Just today, three new analyses of the Senate Republican tax bill came to the conclusion that the bill would not reduce the deficit, but rather explode it – including a report by the Trump Administration’s own Treasury Department.

The Tax Policy Center estimated that the tax plan would result in only $179 billion of growth, leaving $1.4 trillion in red ink on the deficit and increasing our debt-to-GDP ratio by over 5 percent.                                                              

Another analysis of the Senate Republican tax plan using the Penn-Wharton model found that “even with assumptions favorable to economic growth, the Senate tax bill increases debt by over $1.5 trillion over the next decade.”

And, amazingly, the Trump Administration’s Treasury Department released a one-page report estimating that the bill would pay for itself, but only if you factor in the rosy assumptions of growth that were included in President Trump’s budget, and are widely discredited by economists of all stripes. The President’s budget request assumed the passage of entitlement reform and an infrastructure bill, both of which have not yet been written or proposed, let alone enacted.

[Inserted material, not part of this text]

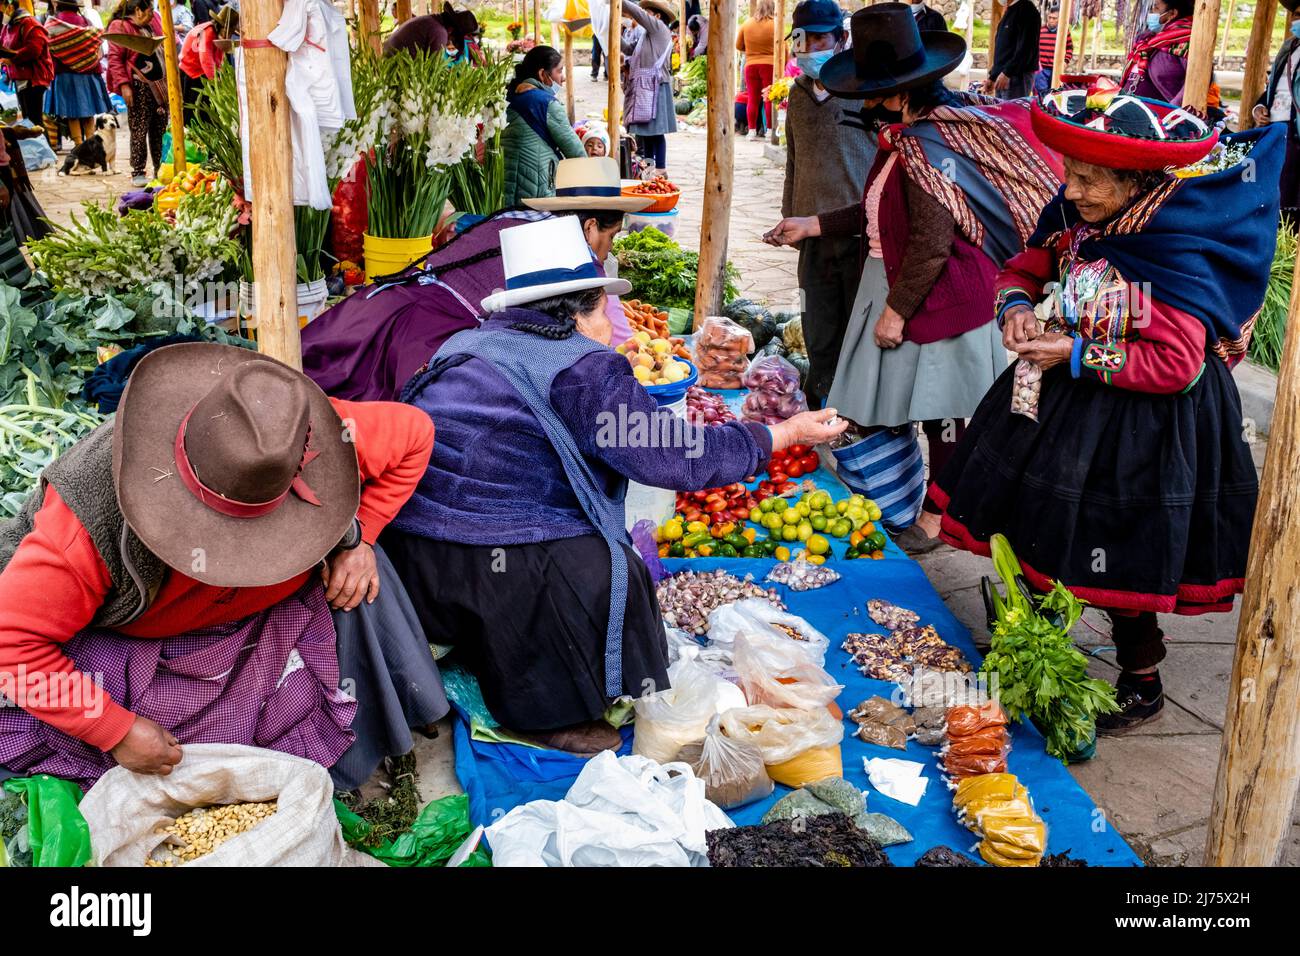 Femmes autochtones quechua vendant des légumes au marché du dimanche dans le village de Chinchero, la Vallée Sacrée, province d'Urubamba, Pérou. Banque D'Images
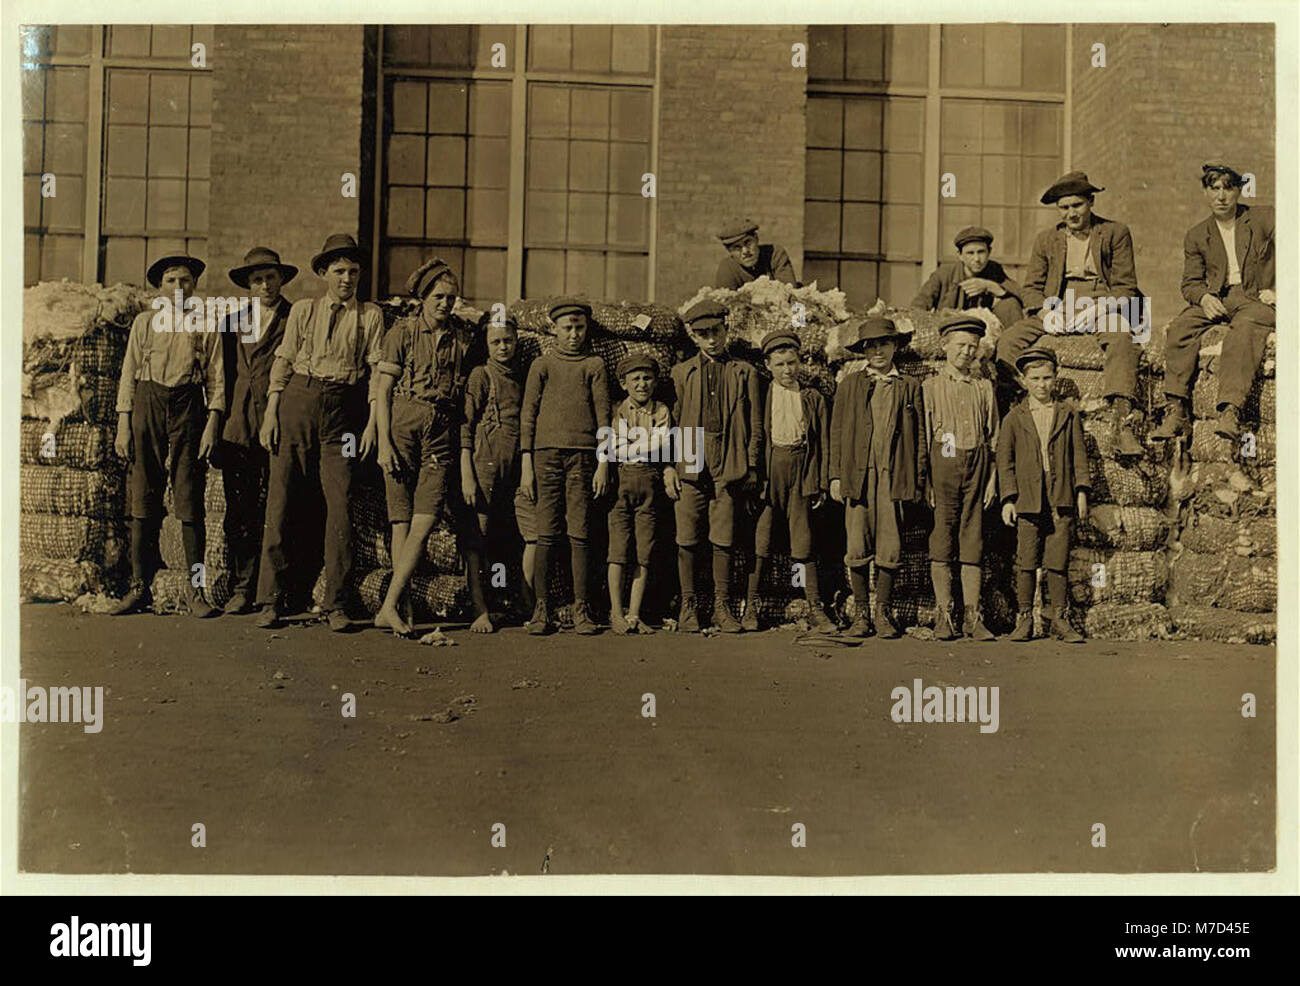 Gruppe von Jungen in Lancaster, S.C. Cotton Mills arbeiten. Kleinste junge in der Mitte sagte in der Mühle aus und hat für 5 Jahre. Jetzt spinnt. November 30, 1909 (sic). LOC 01431 nclc. Stockfoto

Even with an audacious use of fake math, the Treasury Department’s analysis has to assume that yet-to-be-proposed bills are passed in order to say the tax bill doesn’t add to the deficit.

Madam President, no amount of fake math can change the fact that the Republican tax bill will be a boon to the wealthiest Americans and largest corporations while increasing taxes for millions of middle-class families and leaving 13 million Americans without healthcare.

And as all three reports today prove, it will add over a trillion to the debt and deficit, starving our ability to invest in infrastructure, education, and scientific research, and endangering Social Security, Medicare, and Medicaid.

Republicans still have time to turn back from this ugly, awful bill – widely disliked by the American people - and work with Democrats on real bipartisan tax reform that actually lowers taxes for middle-class families and stimulates economic growth without adding a penny to the deficit.